SUPPLIED DATA:
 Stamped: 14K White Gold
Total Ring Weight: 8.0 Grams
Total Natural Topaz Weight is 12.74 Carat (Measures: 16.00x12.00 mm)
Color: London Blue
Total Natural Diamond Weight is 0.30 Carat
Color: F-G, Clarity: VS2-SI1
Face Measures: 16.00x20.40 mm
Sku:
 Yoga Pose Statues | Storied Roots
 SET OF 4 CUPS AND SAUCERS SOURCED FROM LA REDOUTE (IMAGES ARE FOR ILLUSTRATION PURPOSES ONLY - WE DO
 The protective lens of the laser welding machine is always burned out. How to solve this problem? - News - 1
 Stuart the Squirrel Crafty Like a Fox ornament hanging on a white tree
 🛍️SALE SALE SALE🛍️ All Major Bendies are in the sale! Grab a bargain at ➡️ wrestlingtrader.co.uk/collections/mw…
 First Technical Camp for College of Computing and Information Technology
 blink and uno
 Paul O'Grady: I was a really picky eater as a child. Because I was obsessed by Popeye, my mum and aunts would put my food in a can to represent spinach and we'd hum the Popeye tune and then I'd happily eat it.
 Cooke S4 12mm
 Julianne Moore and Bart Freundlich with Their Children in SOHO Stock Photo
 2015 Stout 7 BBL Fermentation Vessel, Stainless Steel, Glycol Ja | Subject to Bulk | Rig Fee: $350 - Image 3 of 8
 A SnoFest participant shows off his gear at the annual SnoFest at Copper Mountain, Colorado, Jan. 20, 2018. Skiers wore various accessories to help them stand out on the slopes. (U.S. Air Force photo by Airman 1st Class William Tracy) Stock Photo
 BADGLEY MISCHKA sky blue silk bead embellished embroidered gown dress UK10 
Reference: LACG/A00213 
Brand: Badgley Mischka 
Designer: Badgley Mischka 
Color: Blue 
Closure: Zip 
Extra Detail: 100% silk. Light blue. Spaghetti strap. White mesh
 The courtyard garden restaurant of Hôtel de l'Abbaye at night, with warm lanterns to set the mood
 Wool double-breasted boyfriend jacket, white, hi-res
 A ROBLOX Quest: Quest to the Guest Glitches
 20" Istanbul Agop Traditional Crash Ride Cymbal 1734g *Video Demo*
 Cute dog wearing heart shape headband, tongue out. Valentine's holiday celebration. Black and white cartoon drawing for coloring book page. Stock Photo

EXERCISE REQUIREMENTS:
Copy out precisely the lines from the line with "blink and uno" to the line with "Extra Detail: 100%" in the material above, including those two lines and omitting all the rest.

TASK OUTPUT:
 blink and uno
 Paul O'Grady: I was a really picky eater as a child. Because I was obsessed by Popeye, my mum and aunts would put my food in a can to represent spinach and we'd hum the Popeye tune and then I'd happily eat it.
 Cooke S4 12mm
 Julianne Moore and Bart Freundlich with Their Children in SOHO Stock Photo
 2015 Stout 7 BBL Fermentation Vessel, Stainless Steel, Glycol Ja | Subject to Bulk | Rig Fee: $350 - Image 3 of 8
 A SnoFest participant shows off his gear at the annual SnoFest at Copper Mountain, Colorado, Jan. 20, 2018. Skiers wore various accessories to help them stand out on the slopes. (U.S. Air Force photo by Airman 1st Class William Tracy) Stock Photo
 BADGLEY MISCHKA sky blue silk bead embellished embroidered gown dress UK10 
Reference: LACG/A00213 
Brand: Badgley Mischka 
Designer: Badgley Mischka 
Color: Blue 
Closure: Zip 
Extra Detail: 100% silk. Light blue. Spaghetti strap. White mesh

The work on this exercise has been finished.